Now I love a good mystery thriller as much as the next man…or woman. But this movie wants to be more than just a brainteaser. It wants to be profound. It thinks it’s probing some deep philosophical terrain, about knowledge and experience, about the nature of good and evil. Are all men potentially bad? Who are we really? Are we born with our true natures, or does experience mold us? Can we really change who we are? And if we can, are we also able to change back? Did we really change or was it just the smell of a woman’s neck that made us think we could change?

So we start with five unconscious men locked up in an abandoned warehouse. Due to the magic of movies and chemicals in tanks that can accidentally seep out in dangerous quantities, these men have lost their memories. All they know when they wake up is that they’re bloodied from fighting, two of the men are tied up, one of whom has been shot. Who are the bad guys and who are the good guys? We can assume that Jim Caviezel, the lead amnesiac, is a good guy because he once was Jesus Christ. But wait.
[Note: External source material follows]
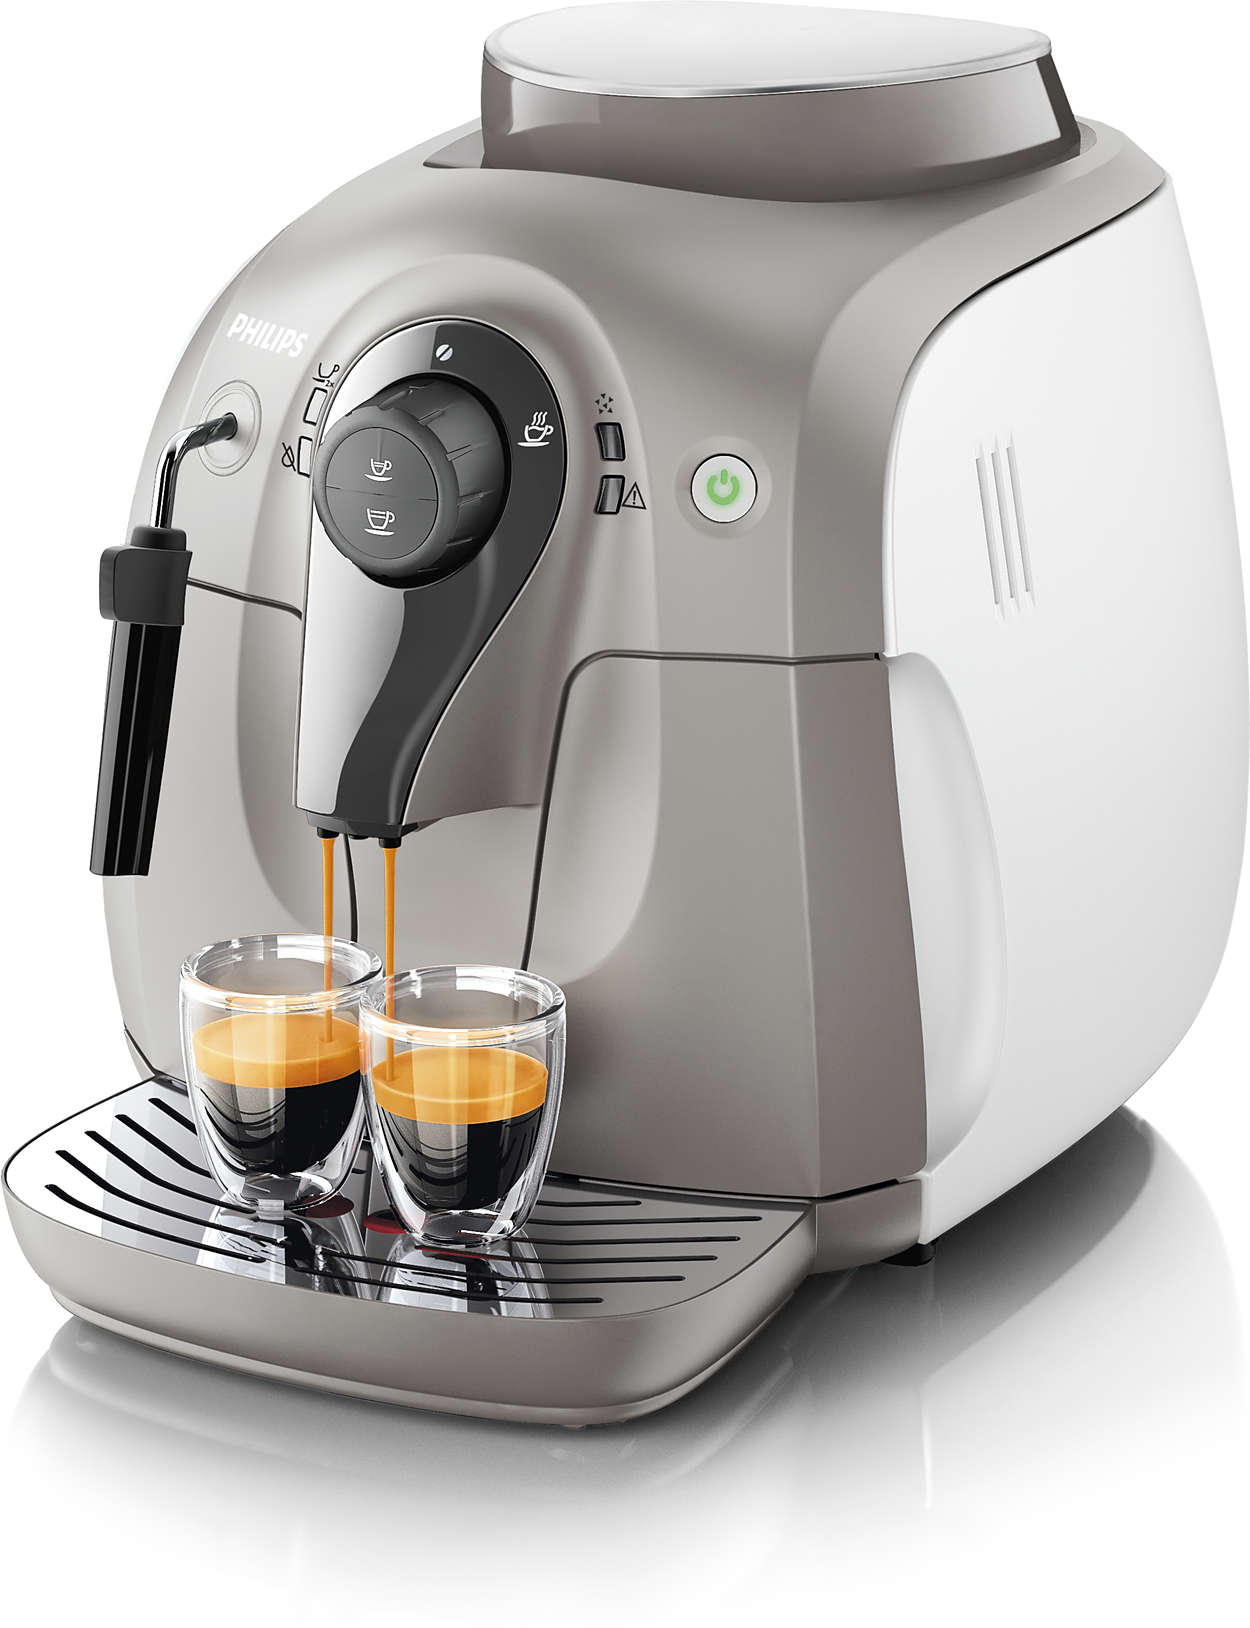 Erleben Sie das volle Aroma Ihres Lieblingskaffees

Maybe, just maybe he is not Jesus Christ this time, just like Greg Kinnear may not be…well, you never know with Kinnear. He may look like a straight-laced suburban dad, but his career choices make you think anything is possible.

We soon find out that two of the guys are wealthy corporate executives who are victims of a kidnapping. This is where the guessing game becomes completely surreal. “Unknown” wants to play with our preconceived notions, our cultural biases, our media-honed images of male stereotypes, so that the guys who look like thugs may turn out to be high-powered corporate executives, and the guys who look like….well, there are only two who look like they could pass as corporate execs, but they both act like thugs. In fact, the characters all act suspiciously alike most of the time. I wonder if that’s a conscious decision or just bad writing. I mean, maybe all men, when they lose their memories, become thuglike.
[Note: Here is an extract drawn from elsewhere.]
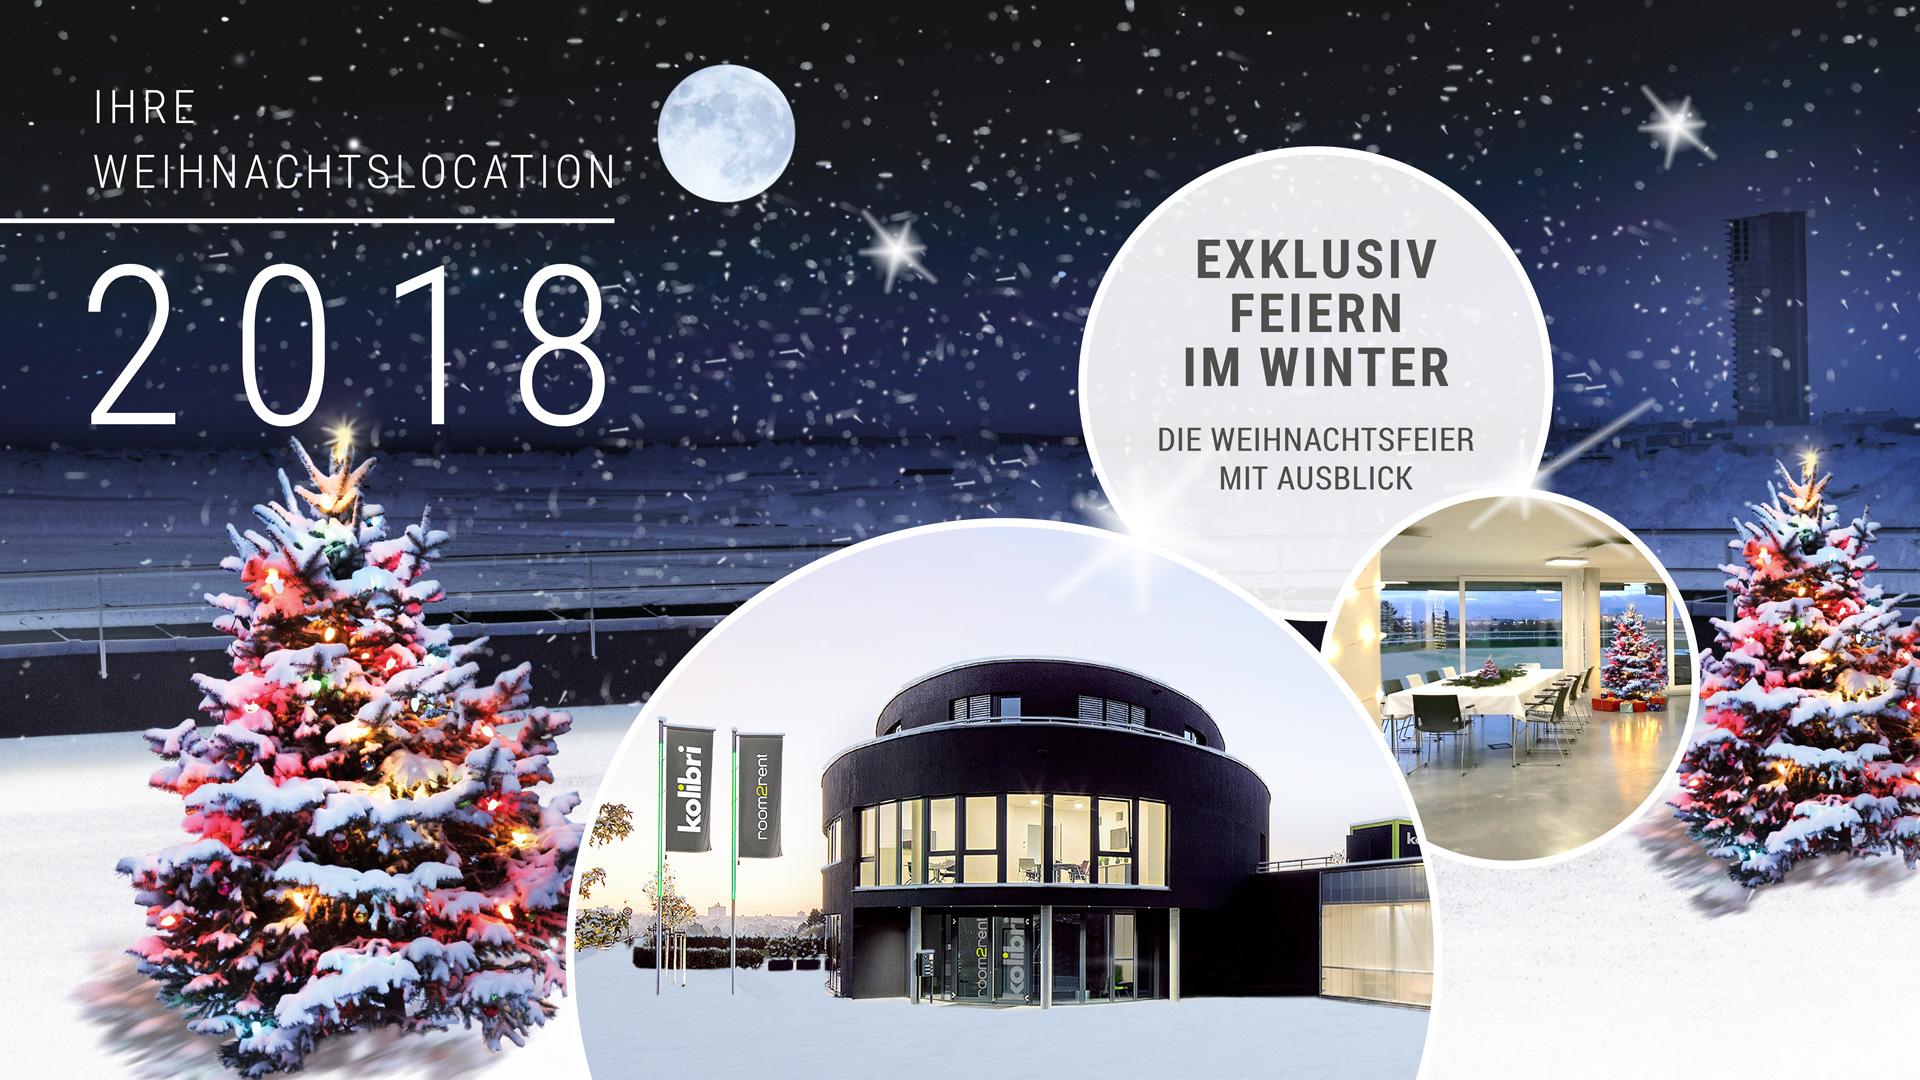 Weihnachtsfeier Kleine Gruppe.ᐅ Weihnachtsfeier Firmenweihnachtsfeier 2019 In Stuttgart
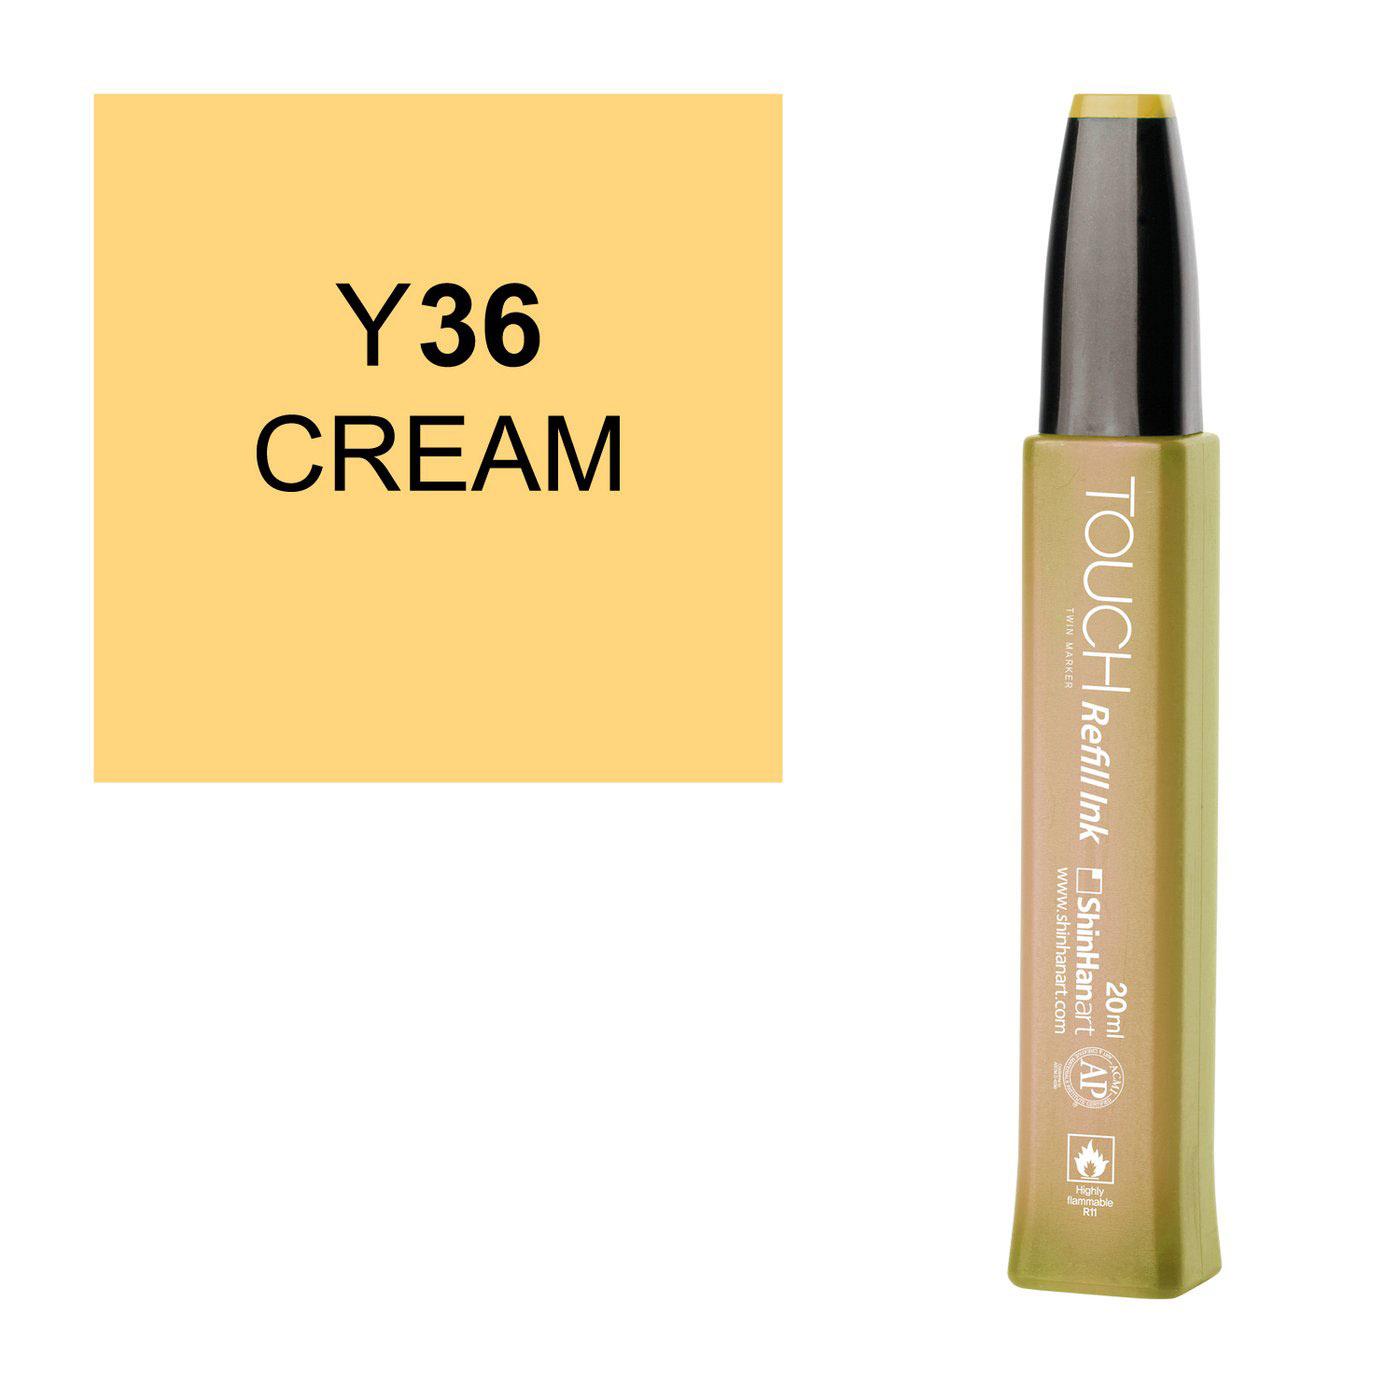 Купить Заправка для маркеров Touch Refill Ink 20 мл Y36 Кремовый, ShinHan Art (Touch), Южная Корея

So what we have here is a mystery thriller that has somehow become a movie about men, or men who act like thugs. Men stripped down to the very essence of maleness. These men don’t look in the mirror and primp. They look in the mirror and retch. They keep their thoughts to themselves. They play their hands close to their chests. They sweat and swear and beat each other up. And then they realize they need each other to get out of the mess they’re in, and then, oh lordy, the male bonding begins. It’s the Dirty Dozen all over again.
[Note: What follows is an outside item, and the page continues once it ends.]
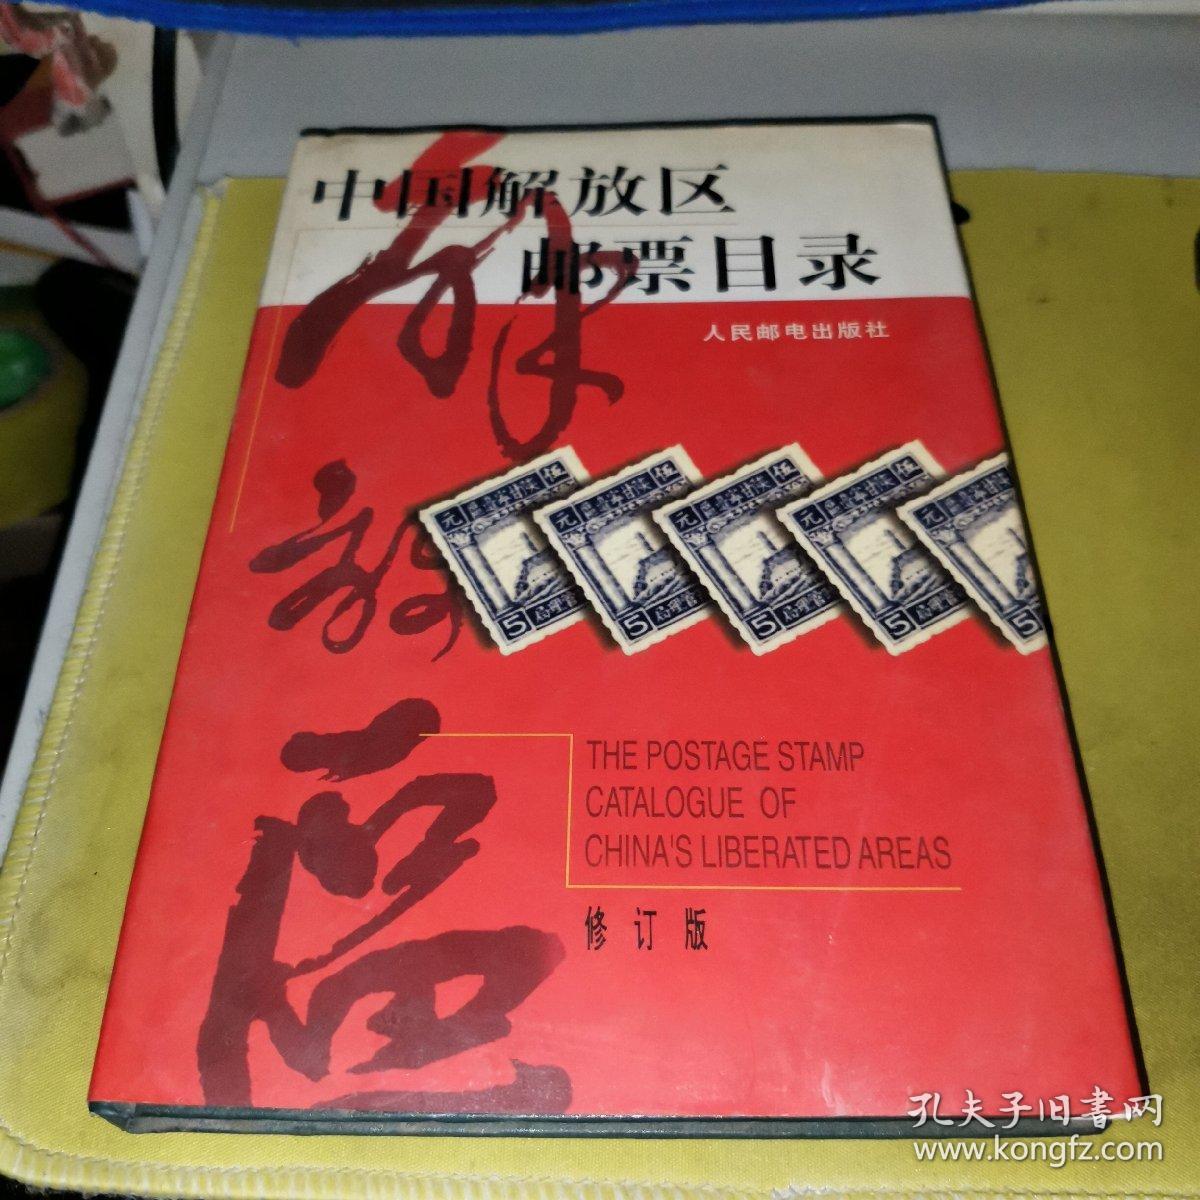 中国解放区邮票目录修订版

Towards the middle of the movie, I stepped out of the narrative for a moment and found that I was deriving some visceral pleasure from watching these big, mean, sweaty, testosterone cases yelling at each other. Then I wondered if male viewers do the same. Then I wondered if I really knew men at all? Then I realized, THAT is what the film is about—the Unknown.

As for women, everybody knows we’re bad news, at least in the mystery genre. And as a woman, I don’t have a problem with you guys making my gender the propagator of evil. I loved “Double Indemnity” just as much as the next man…or woman. But if you’re going to go around blaming a woman for everything, the least you could do is give her character some depth, instead of making her into some cardboard cut-out you tack onto the ending just to tie up the mess you made.